Can this capability be obtained by alternate means? With air-to-air refuellers such as the IL-78 coupled with strike aircraft including the Su-30MKI, the ability to hit a target anywhere in the Indian Ocean certainly exists. The RAF had similar capability in 1982, and in fact, used Vulcan bombers in Operation Black Buck to carry out ineffectual air strikes on Port Stanley. However, the Royal Air Force (RAF) did not possess the capability to provide air defence to the force tasked with retaking the Falklands; by far the more important requirement. For the Task Force Commander far from own air force bases facing incoming enemy air attack, the fact that air force interceptors will eventually reach him once he reports an incoming strike, provides little consolation: he needs them before the enemy reaches him, not later, after the enemy has completed his attack and gone away. The integral air capability is irreplaceable.

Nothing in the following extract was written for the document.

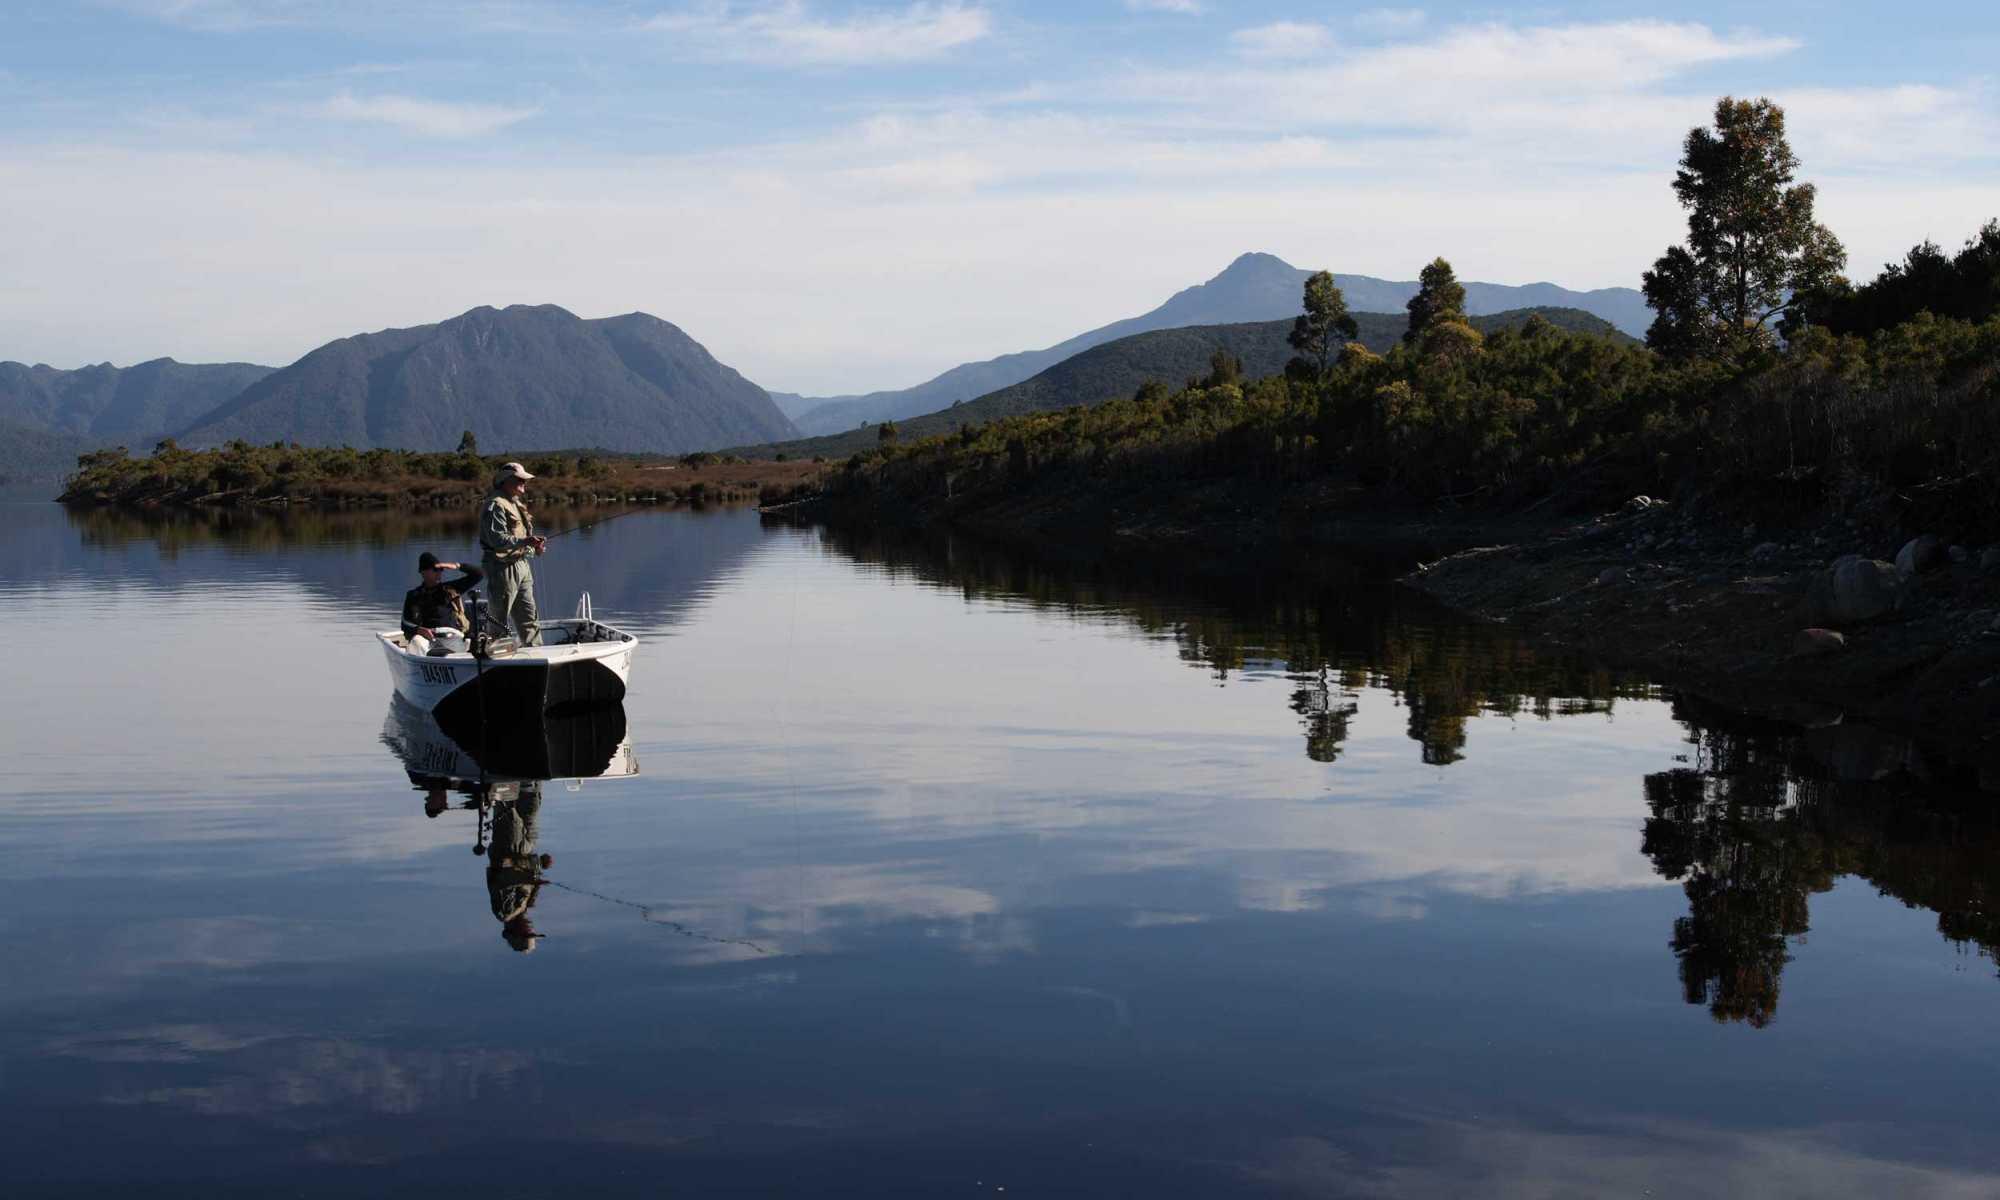 Fly fishing trips rainbow lodge tasmania for Fly fishing trips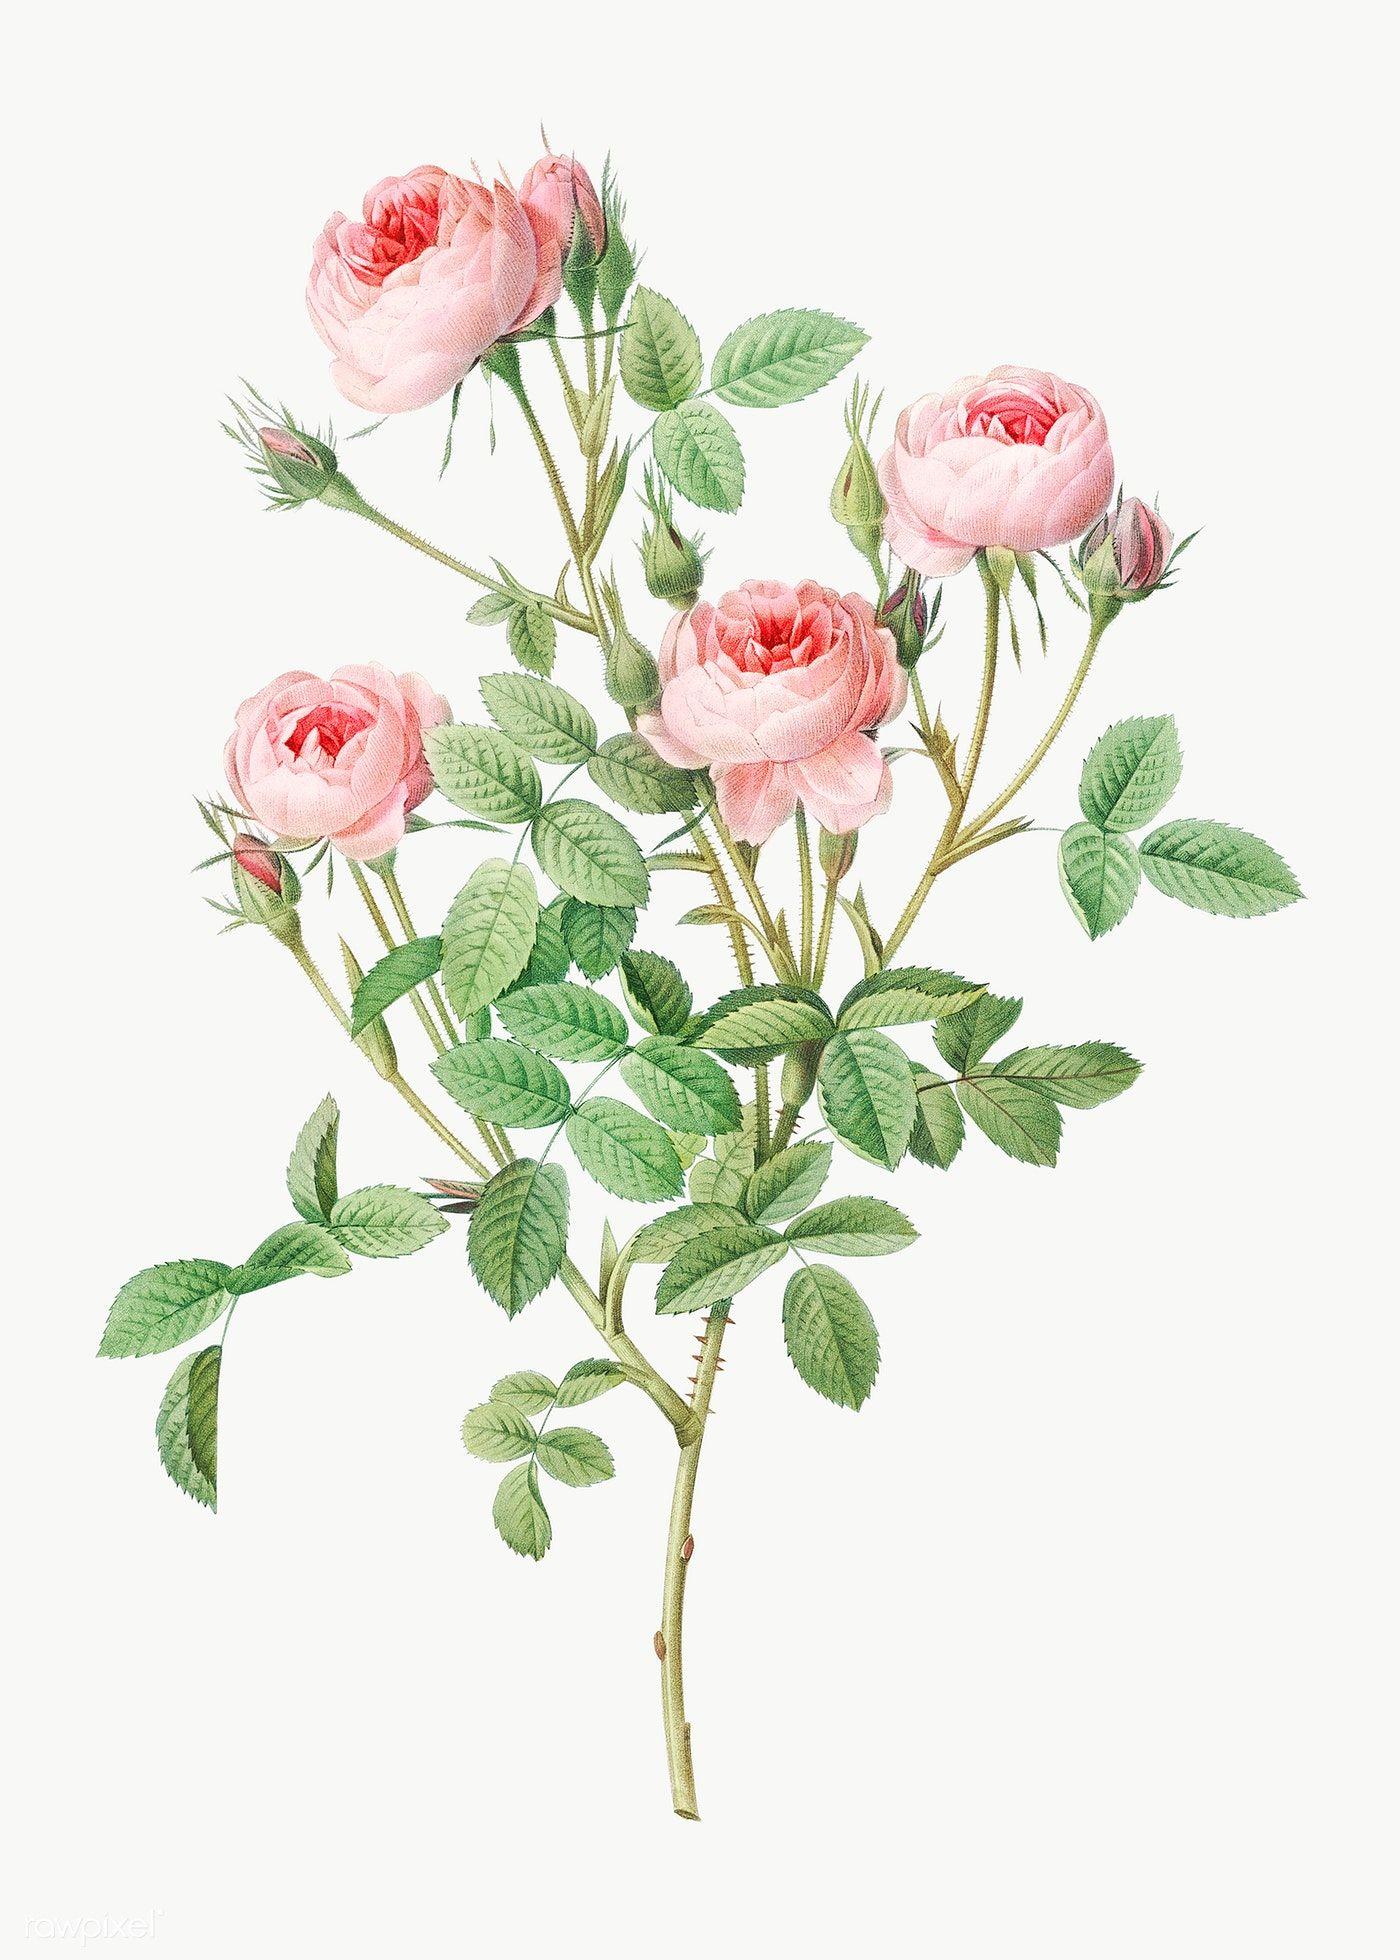 Vintage Burgundian Rose Transparent Png Free Image By Rawpixel Com In 2020 Flower Drawing Roses Drawing Flower Illustration

Every strategic asset offers strengths and has vulnerabilities. This is as true of the aircraft carrier as it is for nuclear weapons. One doesn’t hear the argument that because nuclear assets are difficult to defend, or because their loss would have a massive impact on morale, they should not be acquired. Mobility is one means of protection: nuclear powers the world over have chosen to move strategic nuclear assets from static to mobile platforms, including road and rail mobile launchers and nuclear submarines. The carrier enables mobile air capability that can hide in the vast expanse of the seas, emerging only when required for a specific task. Locating the CBG at sea is perhaps more challenging than locating a road/rail mobile nuclear missile launcher. One cannot help but wonder if apprehensions about the carrier’s survivability are driven more by extraneous factors including inter-service resource competition than dispassionate analysis.